2.19.2006

SEEMS FITTING FOR A SUNDAY: My pal Trisha has prodded me to write something, and although I don't have anything new right now I thought I'd post something I wrote a while back that I liked:


We feel terrible when someone dies, in part because we feel that we have, in some way, died too. We might even say things like, “A part of me has died.” Which part are we referring to? Are we not whole people? What we may mean instead is that we are part of the person who has died...and they are part of us. And so we feel as if we, too, have died, are dying, and faced with that we are doubly afraid and unsettled.

Many of us are wrestle with the fact that our friends and family – and ourselves, at some point -- will die and be forgotten, will be left alone to disintegrate...and eventually to disappear entirely.
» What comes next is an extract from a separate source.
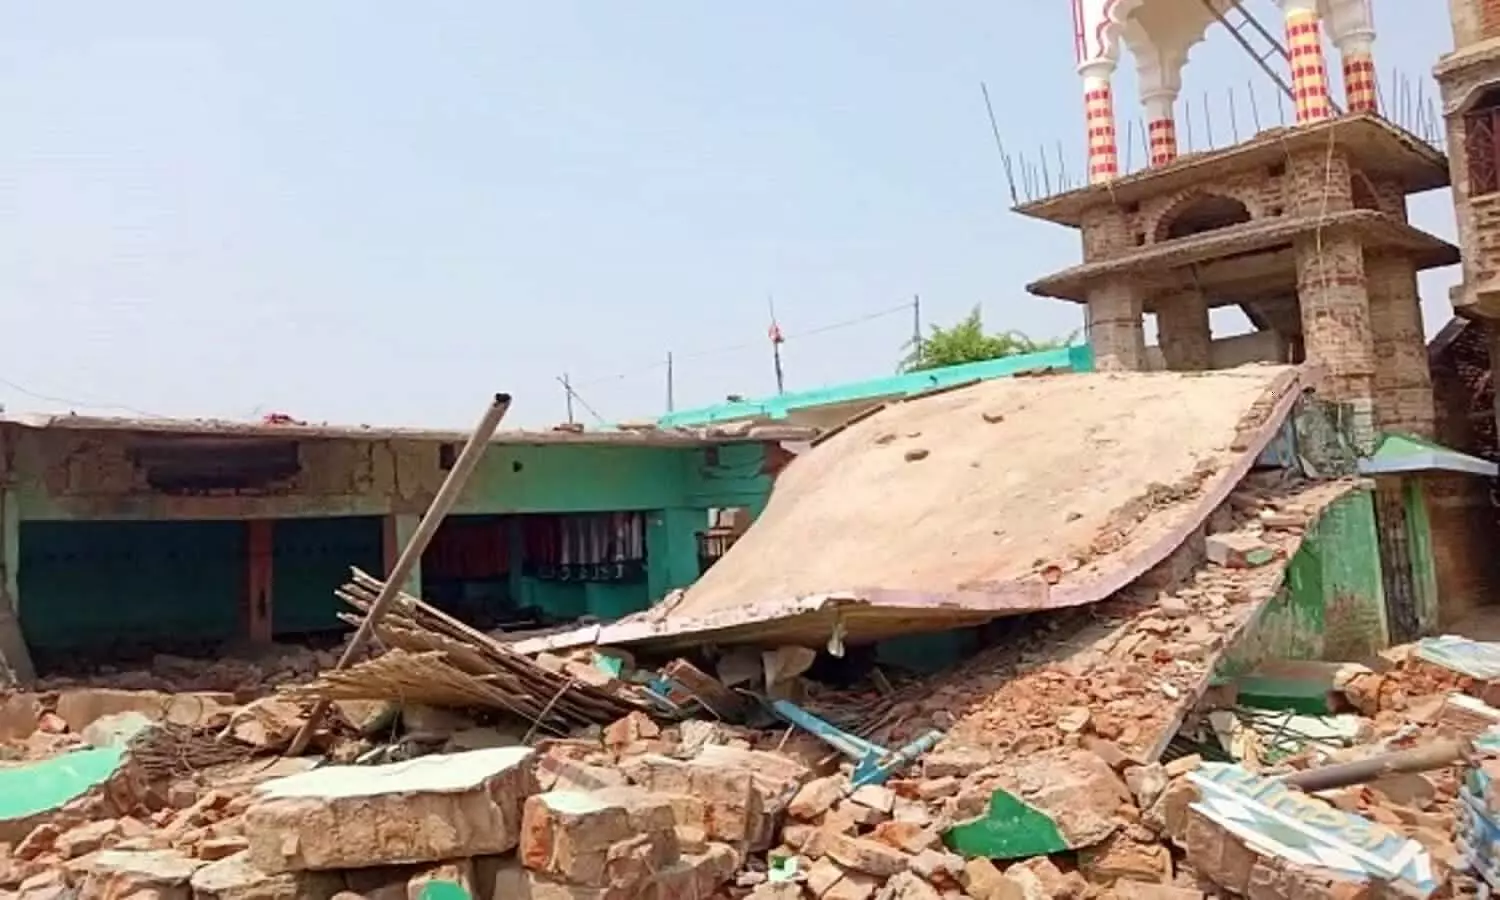 Big news from Bihar&#39;s Banka. There was an explosion near a mosque. The madrasa was destroyed before it was mounted. | Bomb Blast: बिहार में भीषण बम विस्फोट, मदरसे की उड़ी धज्जियां,

We worry that life is finite, or as Alan Watts once referred to it, a brief flash of light between two periods of infinite darkness.

But there is in death the possibility for a kind of miracle, if we look for it. It's much like what the Christians have been saying for two millennia: We are indeed capable of engineering resurrection. By embracing our dead loved one's memory and essence, and by figuratively carrying them out of sacred space -- the church, the temple, the meditation hall -- with us when we leave it, by living out the full potential and potency of their inspiration, by wrapping ourselves in their soul and spirit...we can almost literally lift them up from the dead. They ride with us, in us, out of sacred space and into life again.

While I don't believe I'll ever see a dead person stand up and walk days after her death, I do believe in the resurrection that a community of friends and family can provide -- for the departed, and for themselves. And I believe that is not simply a possibility but a responsibility of those left behind to lift life up to its highest purpose, and to walk on as if buoyed by the vaporous spirit of the departed. I believe that by carrying deceased souls with us, we are ourselves lifted up and made lighter.

1 comment:

Anonymous said...

You will carry me with you by living your life and imparting to your children for them to carry with them the value of loving unconditionally,yourself, your famiy and your fellow man, in the manner that Christ taught us to live. This is what we need to all strive for to honor those whose lives we wish to carry with us.